My advice would be to forget about it and move on. It's just one bad rating. Also not sure what kind of legal advice you're expecting.. are you looking to take uber to court over a one star?


----------



## UberDriverAU (Nov 4, 2015)

Still Standing said:


> today Iam considering quitting Uber after receiving a 1 star and seeing my rating immediately drop after refusing a rider who admitted she was under 18


(1) You don't get rated unless you start and finish a trip. Cancelled trips don't get rated. 
(2) Why do you care what ratings you get?


----------



## Still Standing (Nov 2, 2017)

No not so naive as that, I guess Iam just wanting to know if it is indeed illegal to transport unaccompanied minors using Rideshare, as the minors I have refused to take have ratings below 5.00 so they obviously have used Uber before, I actually attended a local police station for clarification after this latest incident and the officer told me it was nothing they would get involved in, so obviously confused , I will continue to decline fraudulent minors using the Uber app, as I believe a Uber driver would be crucified , if after dropping off minor it turned out , the minor had unknown to parents used their credit card details and the minor had used Uber to go somewhere then went missing or was injured after getting out of Uber , or there was a car accident , the driver would be prosecuted no doubt, I just have had to decline 4 trips in last three days alone , and had report from persons who are in fact putting drivers at risk illegally . 
Perhaps their caring parents book the Uber for the kids then make a report after they find the Uber driver who is following UBer Guidelines and transport regulations has declined politely the trip, they may feel annoyed they have to actually care for their children themselves , who knows??


----------



## UberDriverAU (Nov 4, 2015)

I think you worry far too much about the endless list of things that can go wrong. I have no issues with you declining to take minors, but I think you'll find the down ratings and complaints relate to other trips you've actually taken rather than the cancelled ones you're concerned about.


----------



## Still Standing (Nov 2, 2017)

I may be in fact wrong about the rating after receiving the latest Uber app response , that a cancelled trip cannot be rated even after a false start , but I know reports can be filed even if a driver hasn’t even arrived as Iam a rider also and that option is available to rider months after trip has been taken , however the main crux remains , why isn’t there a message on Uber rider app, and Uber driver app ie Only persons 18 or older are allowed to use Uber if unaccompanied by an adult????????????? 
Really simple for a programmer , not hard, that is the crux of this issue .


----------



## UberDriverAU (Nov 4, 2015)

Still Standing said:


> I may be in fact wrong about the rating after receiving the latest Uber app response , that a cancelled trip cannot be rated even after a false start , but I know reports can be filed even if a driver hasn't even arrived as Iam a rider also and that option is available to rider months after trip has been taken , however the main crux remains , why isn't there a message on Uber rider app, and Uber driver app ie Only persons 18 or older are allowed to use Uber if unaccompanied by an adult?????????????
> Really simple for a programmer , not hard, that is the crux of this issue .

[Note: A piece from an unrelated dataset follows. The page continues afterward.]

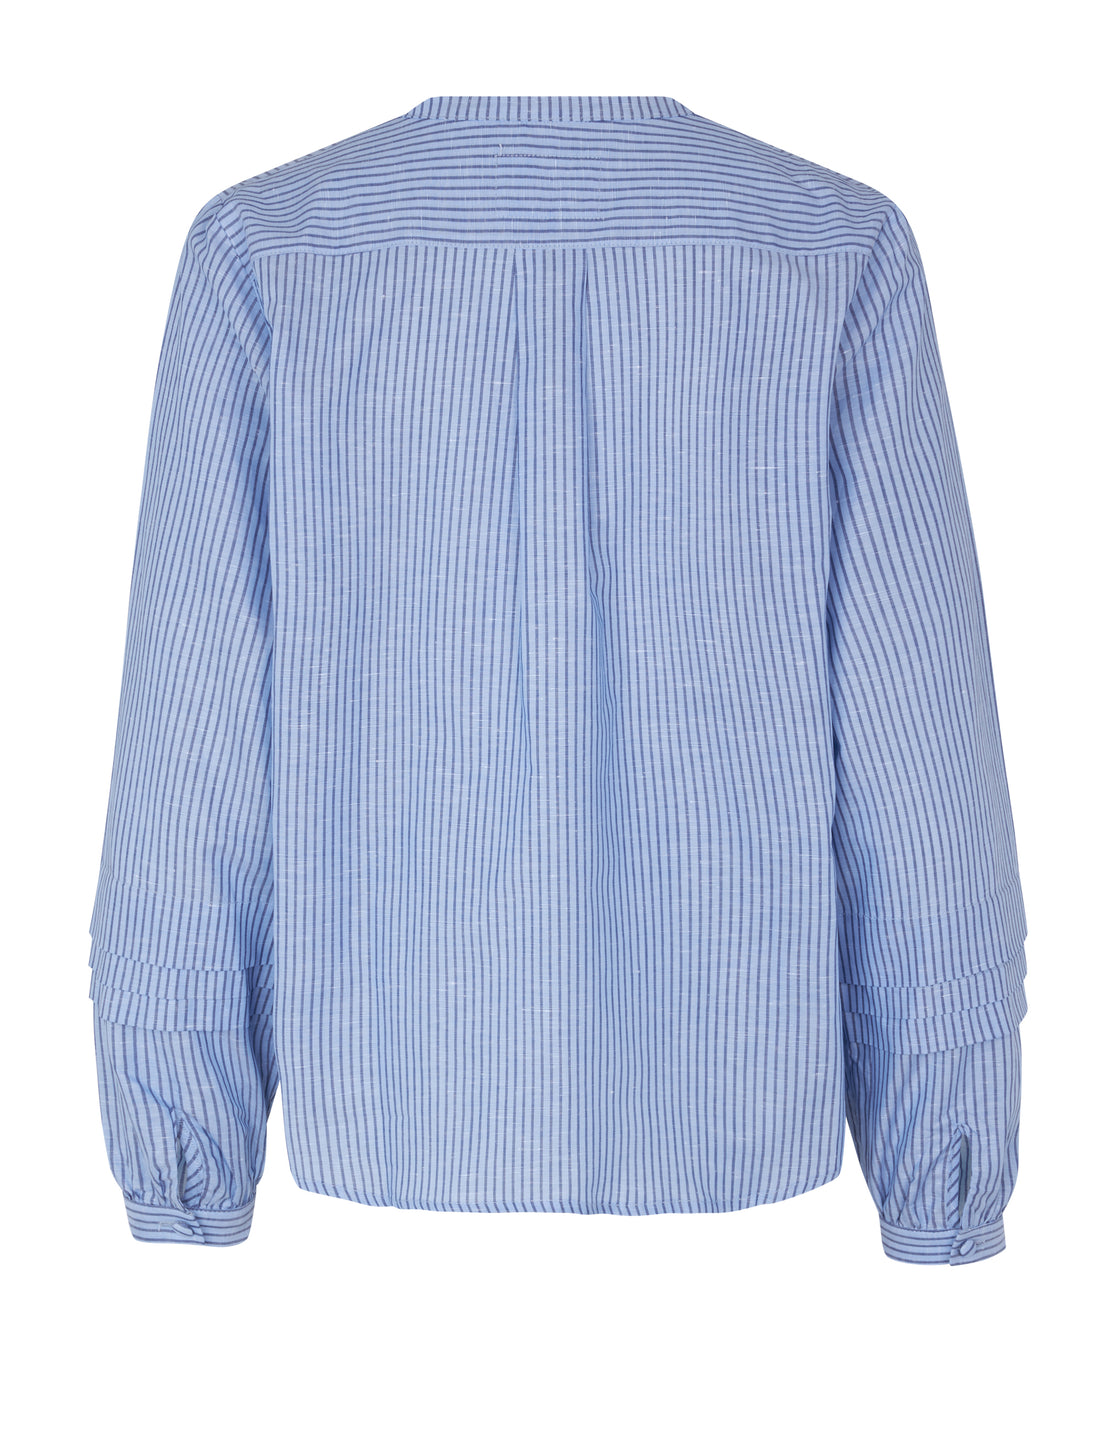 Michela shirt blue stripe

The list of things they shouldn't do but try anyway is long enough that they'd simply ignore any such messaging. Eg. Pickups and drop offs in illegal places, drinking and smoking, etc. Simply cancel and move on.


----------



## BuckleUp (Jan 18, 2018)

Still Standing said:


> No not so naive as that, I guess Iam just wanting to know if it is indeed illegal to transport unaccompanied minors using Rideshare, as the minors I have refused to take have ratings below 5.00 so they obviously have used Uber before, I actually attended a local police station for clarification after this latest incident and the officer told me it was nothing they would get involved in, so obviously confused , I will continue to decline fraudulent minors using the Uber app, as I believe a Uber driver would be crucified , if after dropping off minor it turned out , the minor had unknown to parents used their credit card details and the minor had used Uber to go somewhere then went missing or was injured after getting out of Uber , or there was a car accident , the driver would be prosecuted no doubt, I just have had to decline 4 trips in last three days alone , and had report from persons who are in fact putting drivers at risk illegally .
> Perhaps their caring parents book the Uber for the kids then make a report after they find the Uber driver who is following UBer Guidelines and transport regulations has declined politely the trip, they may feel annoyed they have to actually care for their children themselves , who knows??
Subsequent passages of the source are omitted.